Société / Culture

#AllahNousProtège

Le plus éminent de nos académiciens reçoit une visite nocturne. On se bat pour une cargaison au Havre et l'ISS intercepte un message cosmique en provenance d'El Paso.

La fine fleur de l'intelligentsia néo-conservatrice hibernait dans l'appartement du plus illustre membre de l'Académie française. | Jacques Demarthon / AFP
La fine fleur de l'intelligentsia néo-conservatrice hibernait dans l'appartement du plus illustre membre de l'Académie française. | Jacques Demarthon / AFP

Temps de lecture: 8 minutes

Dans l'épisode précédent, une astronaute calfeutrée sur la Station spatiale internationale observait la pandémie vue de l'espace, l'humanité redoutait le retour de Major Tom, le président des États-Unis était victime de son correcteur orthographique et un mécanicien du Mississippi mettait la dernière main à un gaz anti-Kovid-19.

20 mars 2020

Gret@ avançait à pas de loup sur le parquet point de Hongrie en chêne massif d'un appartement du VIe arrondissement. Les murs du couloir étaient ornés d'autoportraits à l'aquarelle de Gabriel Matzneff à différentes périodes de sa vie.

La cheffe clandestine du réseau Y2K n'y prêtait aucune attention, mais son aide de camp, la jeune fille en feu, avait du mal à taire sa répulsion: «C'est la honte!»

«La ferme, dit Gret@. Tu vas nous faire repérer. Et ne souffle pas sur tes braises: on n'a pas besoin d'un nouveau départ d'incendie.»

Il y avait eu l'Amazonie à la fin de l'été. Puis l'Australie. Des millions d'hectares réduits en cendres, un milliard d'animaux décimés sans que les gouvernements acceptent, enfin, de regarder la vérité en face: le lien entre colonisation, capitalisme et destruction de la planète.

Le diable avait-il menti? Les mois passaient, et la pandémie promise se faisait attendre. Quand ses prémices s'étaient enfin dessinées, dans les dernières semaines de 2019, il avait fallu improviser la mise en place du réseau Y2K.

Trois mois plus tard, tout était enfin prêt. Des hordes de millennials, porteurs asymptomatiques du koronavirus, attendaient le feu vert de leur leader pour se répandre en armes bactériologiques sur les marchés, les boulangeries et les pharmacies fréquentées par les boomers. L'heure était venue de porter le coup de grâce à leur sale génération d'égocentriques.

Jamais les mesures de confinement prises par les gérontocraties du monde entier ne pourraient endiguer ce flot vengeur. D'ici quelques mois, la planète serait aux mains des enfants et, si tout se passait comme prévu, la sixième extinction pourrait être évitée.

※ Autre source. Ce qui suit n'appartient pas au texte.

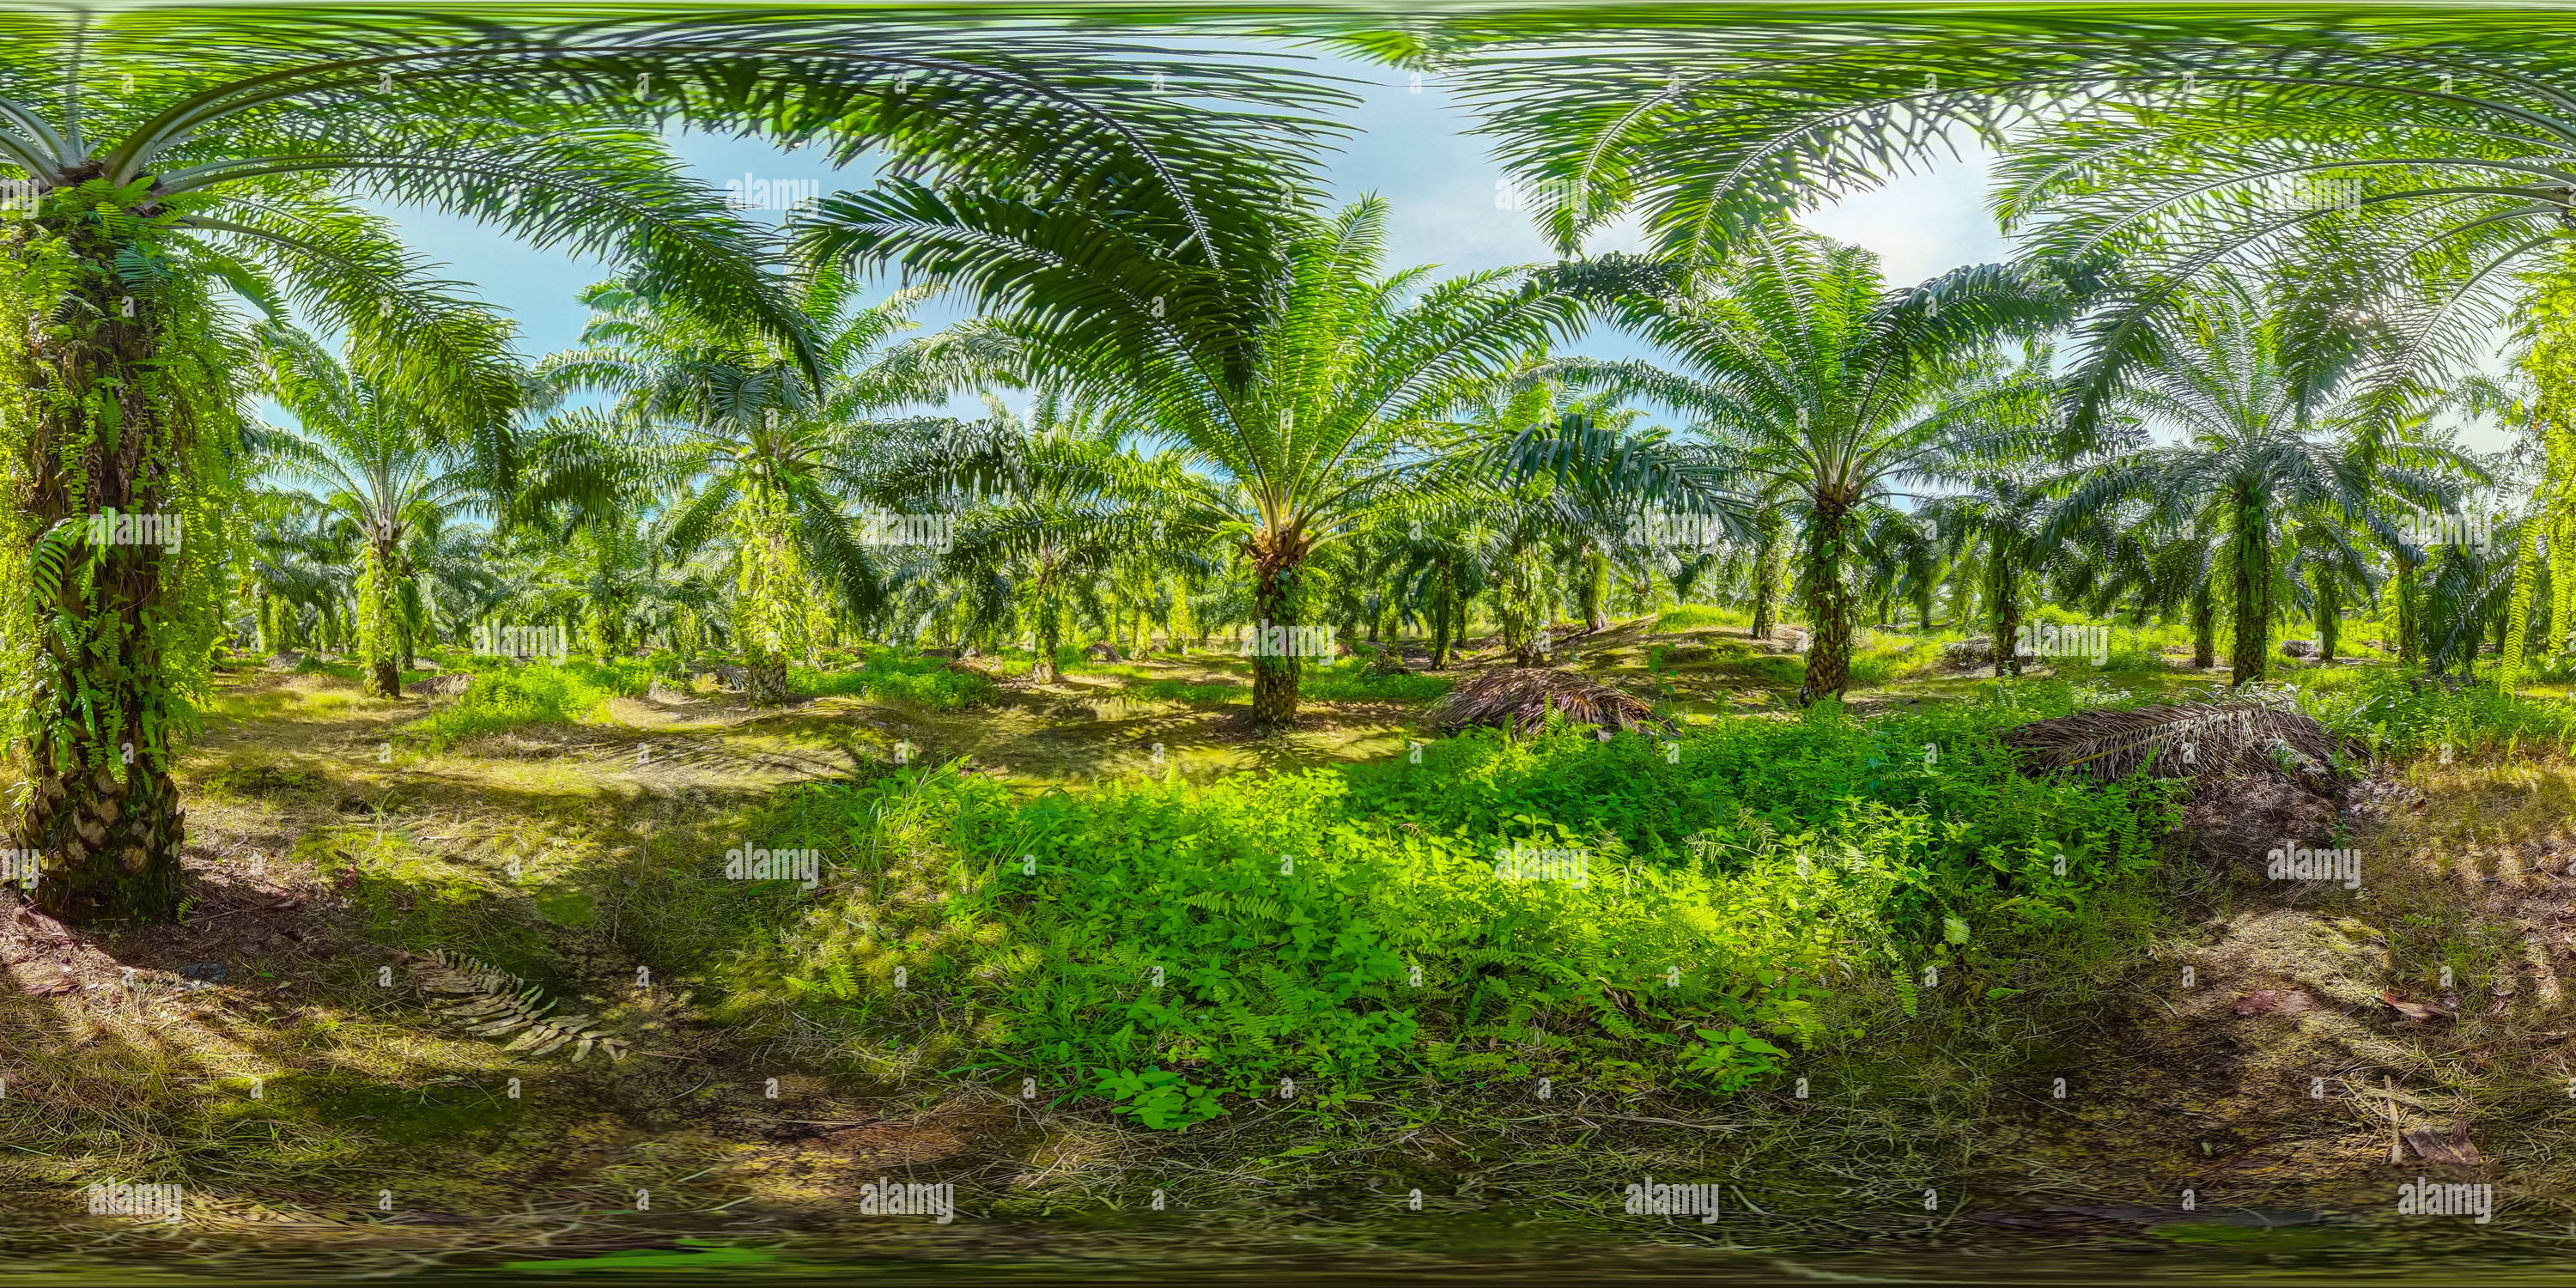 360 degree panoramic view of Oil palm plantations.

Gret@ s'arrêta devant une rangée de caissons équipés de respirateurs artificiels. C'était dans ce duplex haussmannien, propriété du plus illustre membre de l'Académie française, que se trouvait confinée en hibernation la fine fleur de l'intelligentsia néo-conservatrice.

Il y avait là un ancien Premier ministre émigré en Catalogne, une féministe universaliste, un présentateur de talk-show, une écrivaine de mauvaise humeur et un écrivain à mauvaise haleine, chacun sur sa couchette de polymère.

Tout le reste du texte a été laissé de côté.